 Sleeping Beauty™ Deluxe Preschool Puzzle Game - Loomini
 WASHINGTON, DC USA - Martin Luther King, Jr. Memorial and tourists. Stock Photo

################

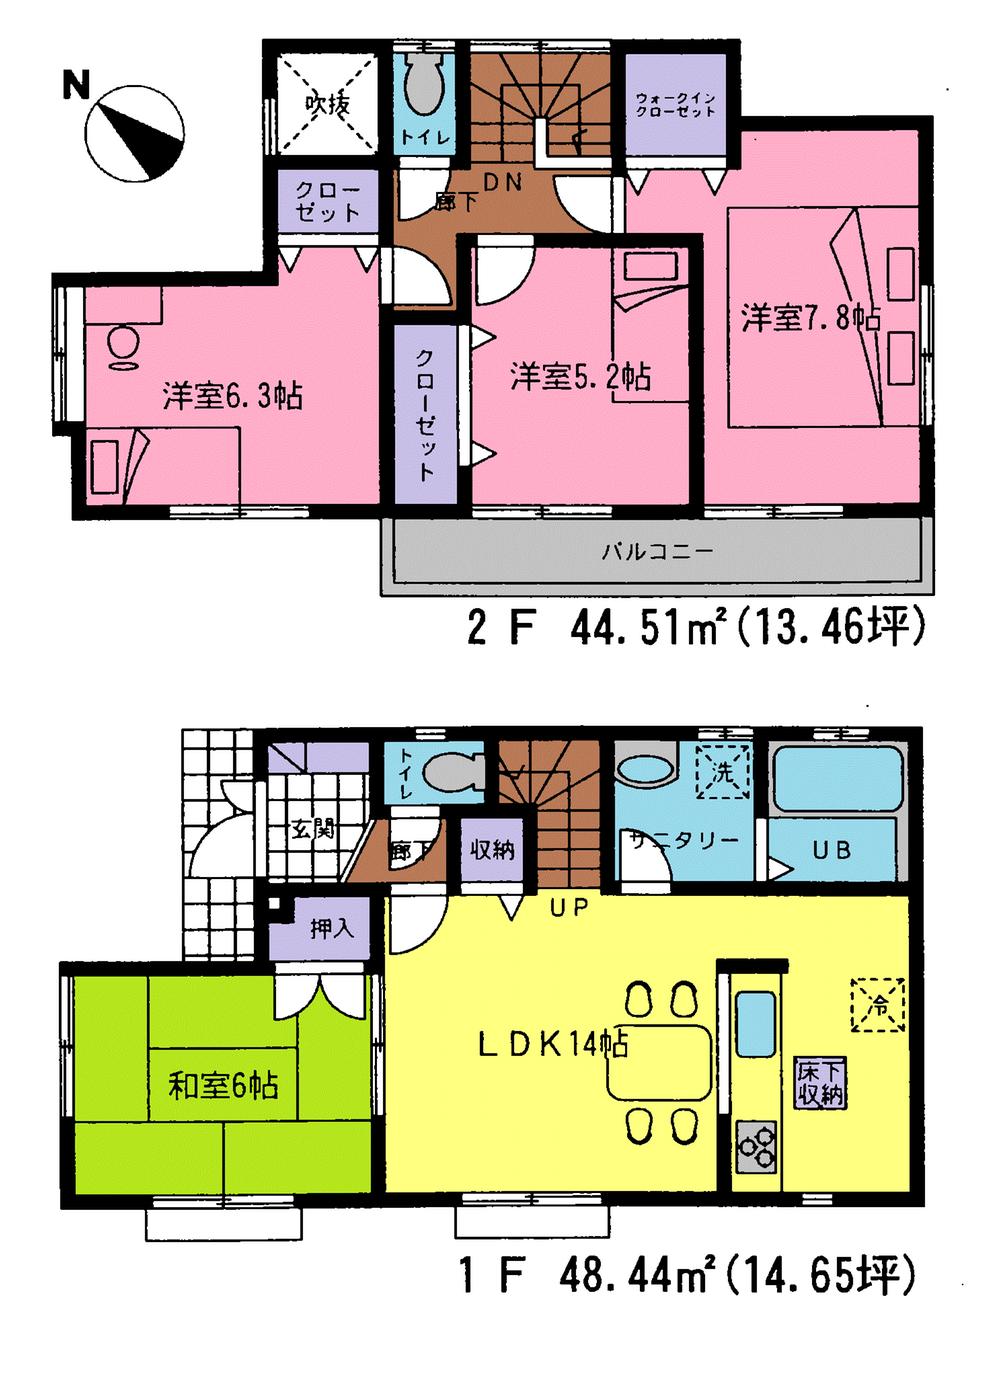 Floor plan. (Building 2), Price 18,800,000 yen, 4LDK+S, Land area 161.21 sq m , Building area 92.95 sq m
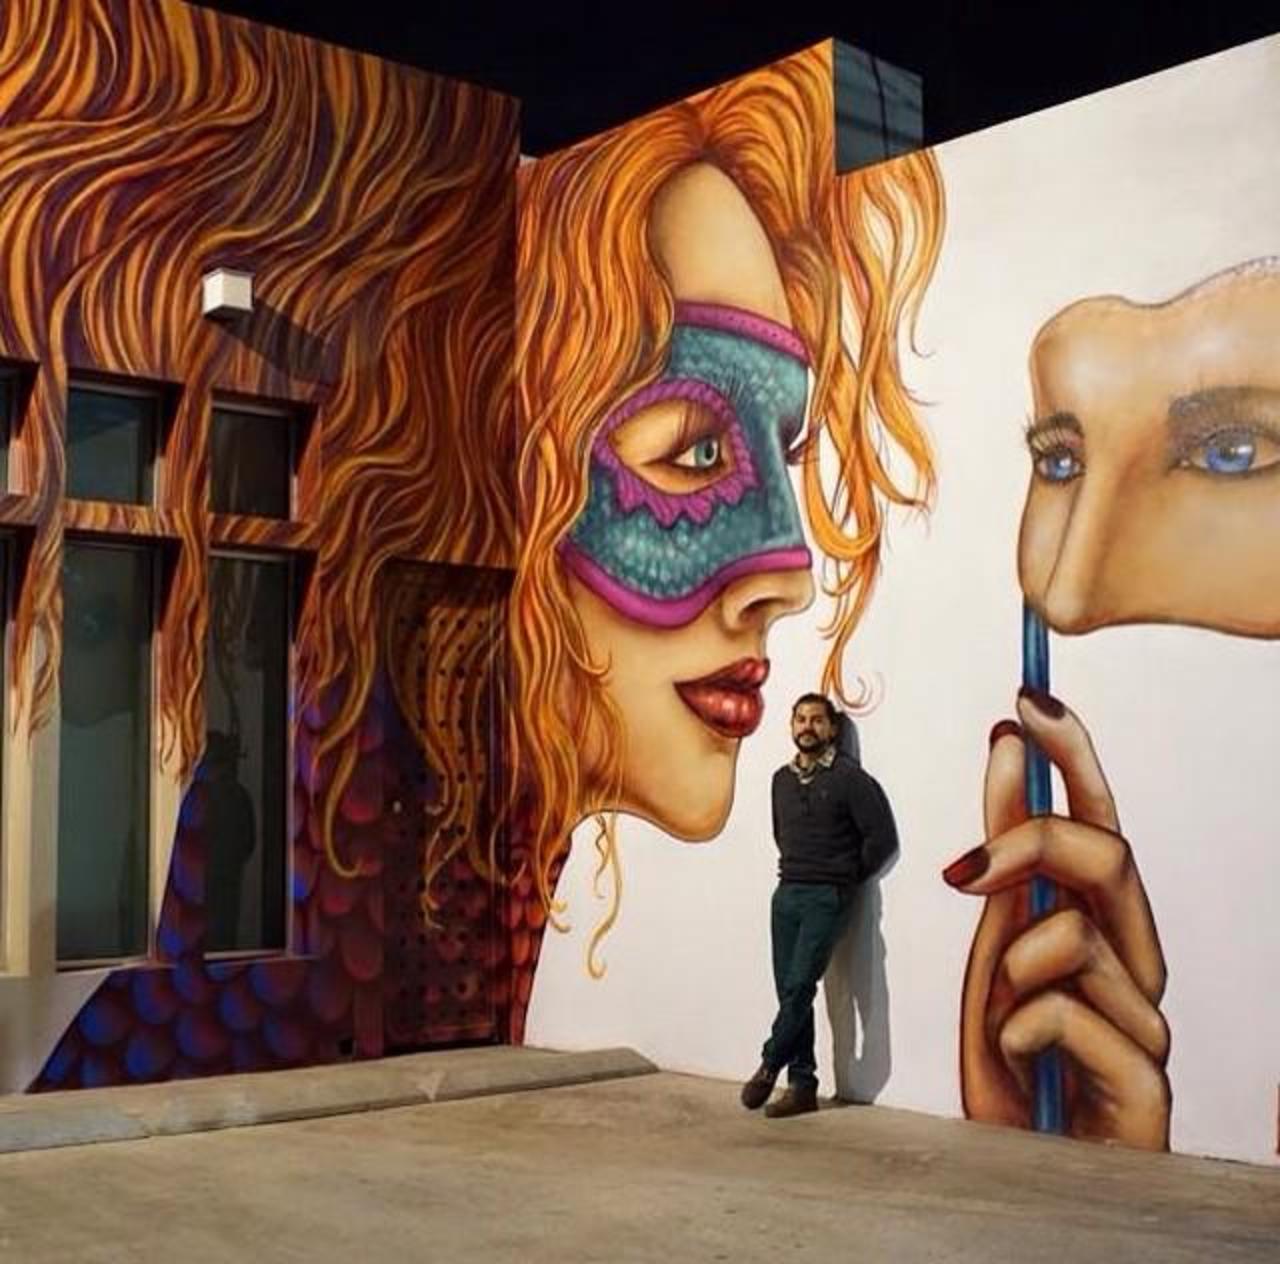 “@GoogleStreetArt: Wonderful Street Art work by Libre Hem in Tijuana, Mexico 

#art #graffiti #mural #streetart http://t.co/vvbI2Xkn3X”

################

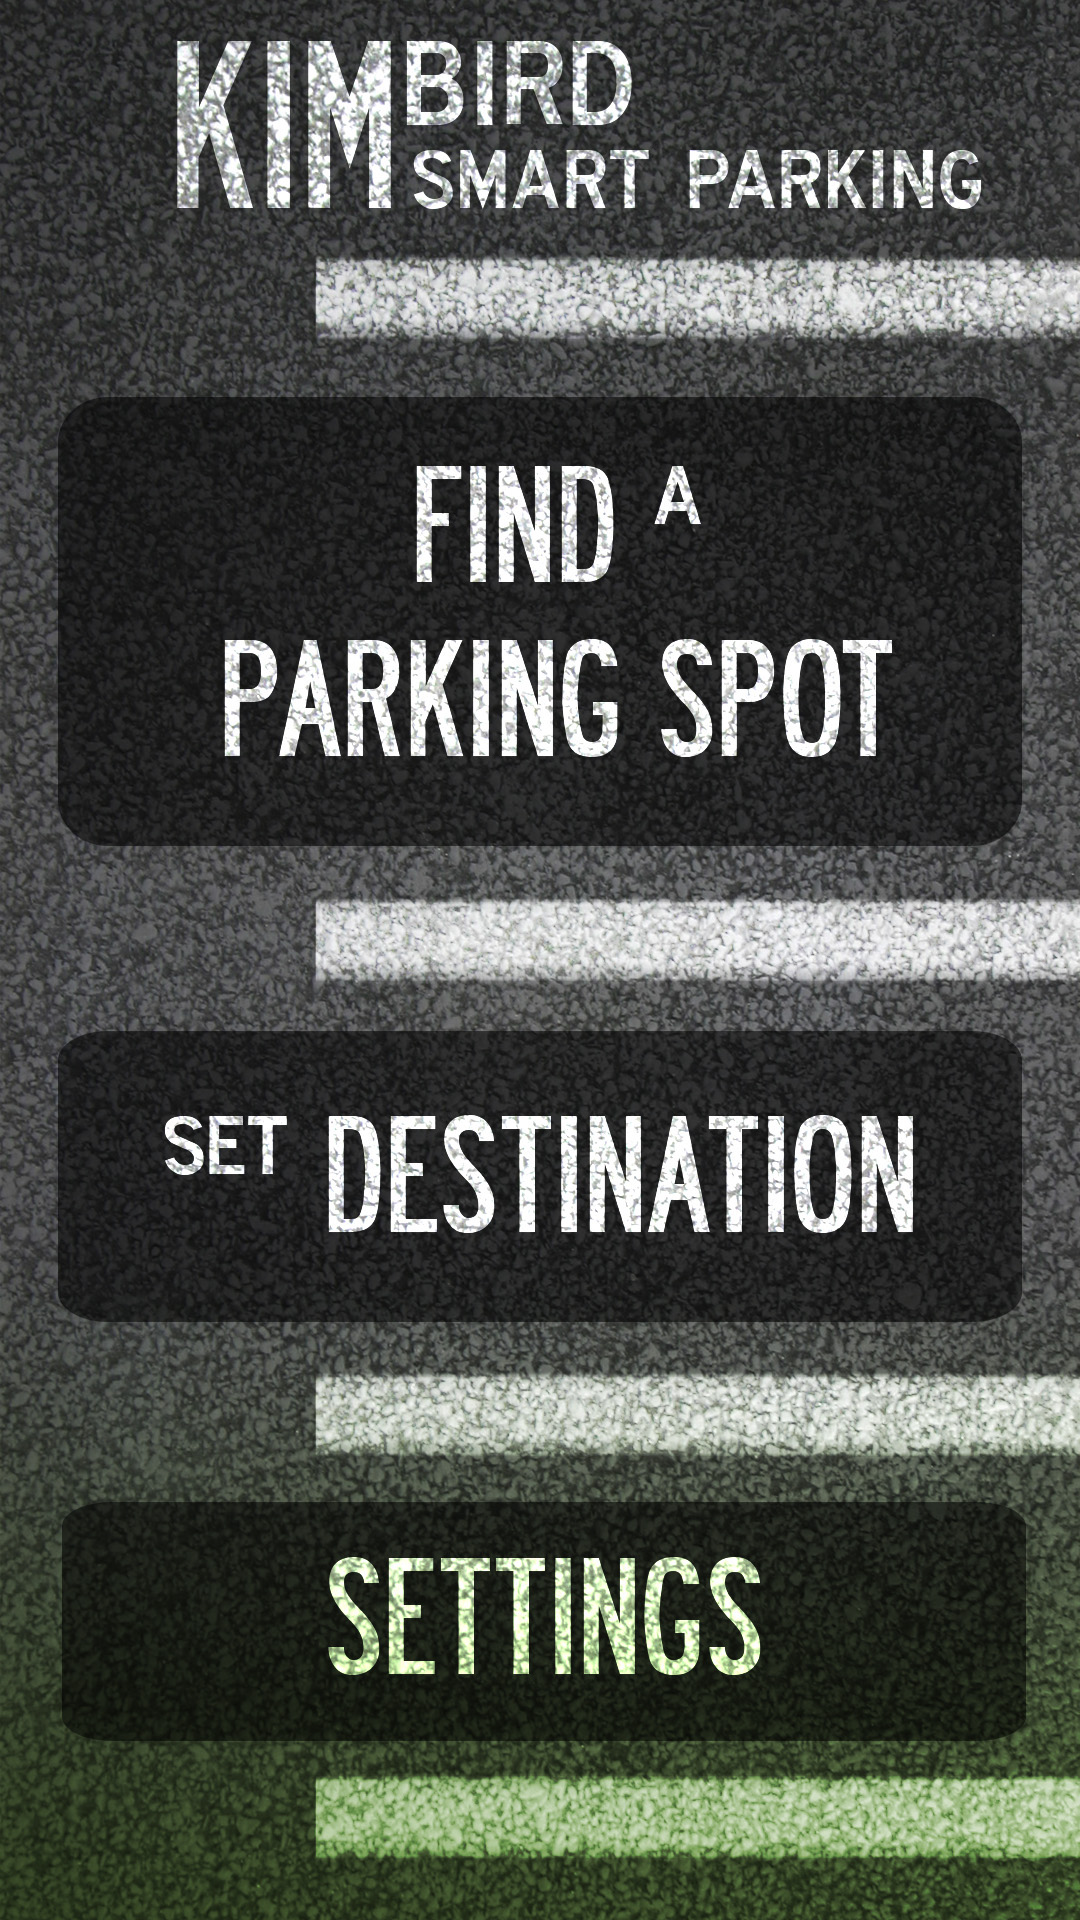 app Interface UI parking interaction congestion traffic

################

▶ _Work request_:
Reproduce exactly, and with no other material, the lines between those holding "Sleeping Beauty™ Deluxe" and "WASHINGTON, DC USA", inclusive.

▶ _Answer to this exercise_:
 Sleeping Beauty™ Deluxe Preschool Puzzle Game - Loomini
 WASHINGTON, DC USA - Martin Luther King, Jr. Memorial and tourists. Stock Photo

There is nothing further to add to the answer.